I know she’s right but it doesn’t make me want to deal with it any more. I sigh and she reaches a hand to my cheek.

‘Go. If not for her, go for you.’

I drop a kiss to her brow and head down to the water’s edge, catching up to Emily, who is walking the water line, rather than heading home. She must hear me as I call her name but continues her strolling pace, staring out toward the half-moon, its reflection glowing on the water’s surface.

We walk until the light from Drew’s place and the glow of the fire are in the distance. There’s no one on the beach except us. The other beach front properties are in darkness.

I’m used to being only with Emily. I’ve spent half my life alone with Emily. But now, in this moment, I don’t know how to be around her.

Eventually, she breaks the silence. ‘I’m sorry, Jake.’

‘You’ve said that.’

She stops and turns on the spot, holding my arms so that I’m facing her. ‘And now I want to talk about what happened.’

‘Why, Ems? Why discuss it three years on?’

She pushes her hands into my hair and grips, like she used to when she was mad at me.

‘You’re a stubborn ass, do you know that? I want to talk about it, Jake, because I want you back in my life and this is the only way I can think to make that happen. I miss you. I miss you like crazy. Not speaking to you has been like someone amputating my right leg.’

‘Why your right leg?’

She laughs and I’m grateful to take the somber look from her face and the tears from her eyes.

‘Any limb,’ she says. ‘Take your pick.’

She draws in a slow, heavy breath that makes her chest visibly rise.

‘I slept with your best friend. I know we hurt you and I’m sorry. But there’s nothing I can do about it.’

I take a step back from her. ‘Ems, you were my best friend. My two closest friends were screwing each other behind my back and lying to my damn face about it. I knew things were changing between us. I thought that meant one thing and I realize now things were becoming awkward because you were lying to me. Twenty-two years, Emily. I’d known you for almost twenty-two years. I’d picked you up when you’d fallen. I’d dried your eyes when you cried. I would have done anything for you. I fucking adored you. And the whole time… the whole damn time, you were lying to me!’

She swipes her hand across her cheek and I have to fight the urge to pull her into my chest. I never have been able to stand seeing her tears. ‘I know, Jake. But I, we, didn’t lie to hurt you. We lied to keep from hurting you.’

My anger builds until I’m dragging a hand through my hair and pulling so hard, it hurts.

‘Do you have any idea how much it killed me to walk into your room and see you two in bed together? In the apartment we shared? In the bed I’d slept in with you?’

‘It’s not like I hadn’t walked in on you screwing people, Jake. I mean, Jesus, do you think that wasn’t hard for me? There was always some girl. Someone else. Like I wasn’t good enough for you.’

‘That’s not fair. That’s when we were just friends. From the moment I thought there was something more between us, there were no other girls. Brandon knew. He knew how I felt. He knew that when I walked into your bedroom that night, I was going to ask you to be with me. To be mine. And the whole time, while he listened to me tell him how I felt, while we hung out together and while I thought we shared everything, you two were at it.’

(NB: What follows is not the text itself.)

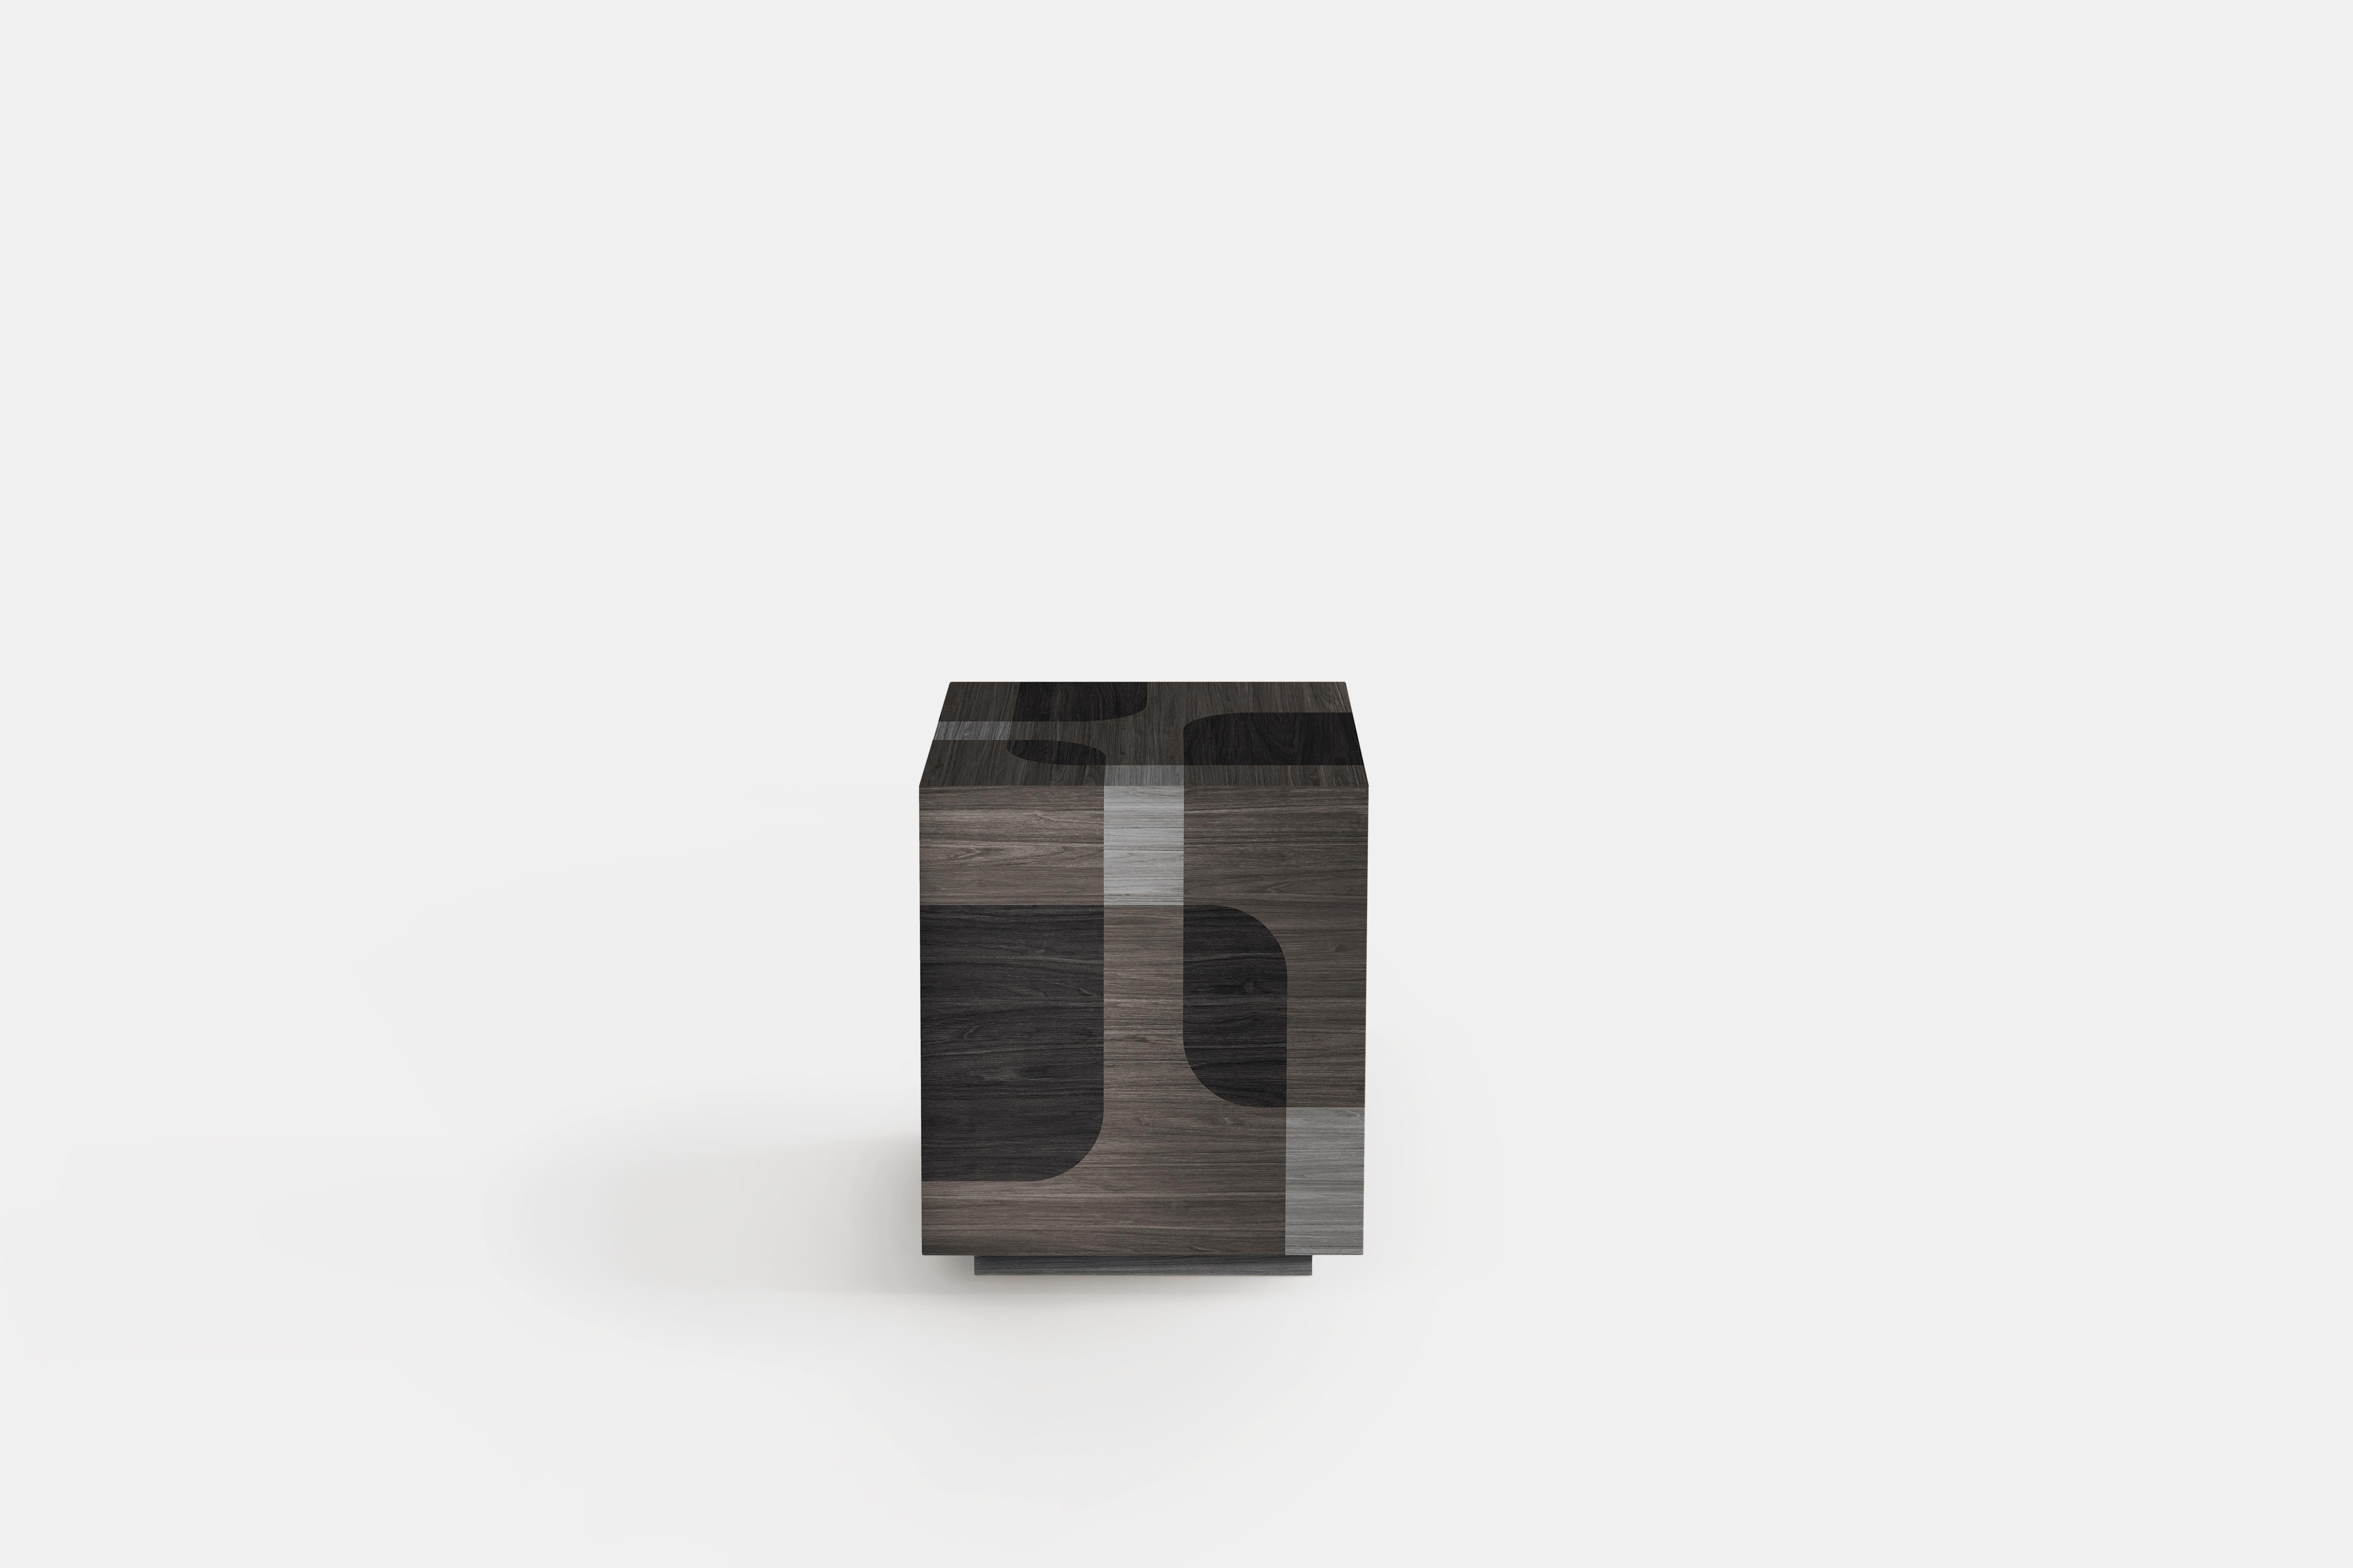 2 Bodega Night Stands and 1 Coffee Table in Black Wood Marquetry, Joel Escalona (Sperrholz) im Angebot

She steps toward me. Close enough I can smell her scent. So close, her hair blows against my face.

‘You were going to ask me to be yours?’

‘Yes, Emily. I wanted to always be with you.’

She closes her eyes and presses her palms to my chest. I watch her lips as they part and I have the urge to kiss her. I don’t have to fight my own want because her eyes spring open and she presses her mouth to mine. She looks into my eyes as I bring my hands to her face and slowly, tentatively, move my lips over hers.

She steps back abruptly, breaking our contact and covering her lips with her fingertips. ‘I’m sorry, I shouldn’t have done that.’

I don’t have time to respond because she turns and runs back to her house. I don’t follow her. I face out to the moon, my hands in the pockets of my jeans, my mind racing with too many thoughts to process.

Why did she kiss me? Did I kiss her back? Would I have kissed her if she hadn’t got there first? Does she want me like that? Do I want her like that? Is she still the Emily I thought I knew? Am I the same Jake?

The only two things I do know are: one, I loved seeing her tonight, like old times; and two, I feel guilty as hell that that kiss just happened when Jess was yards away.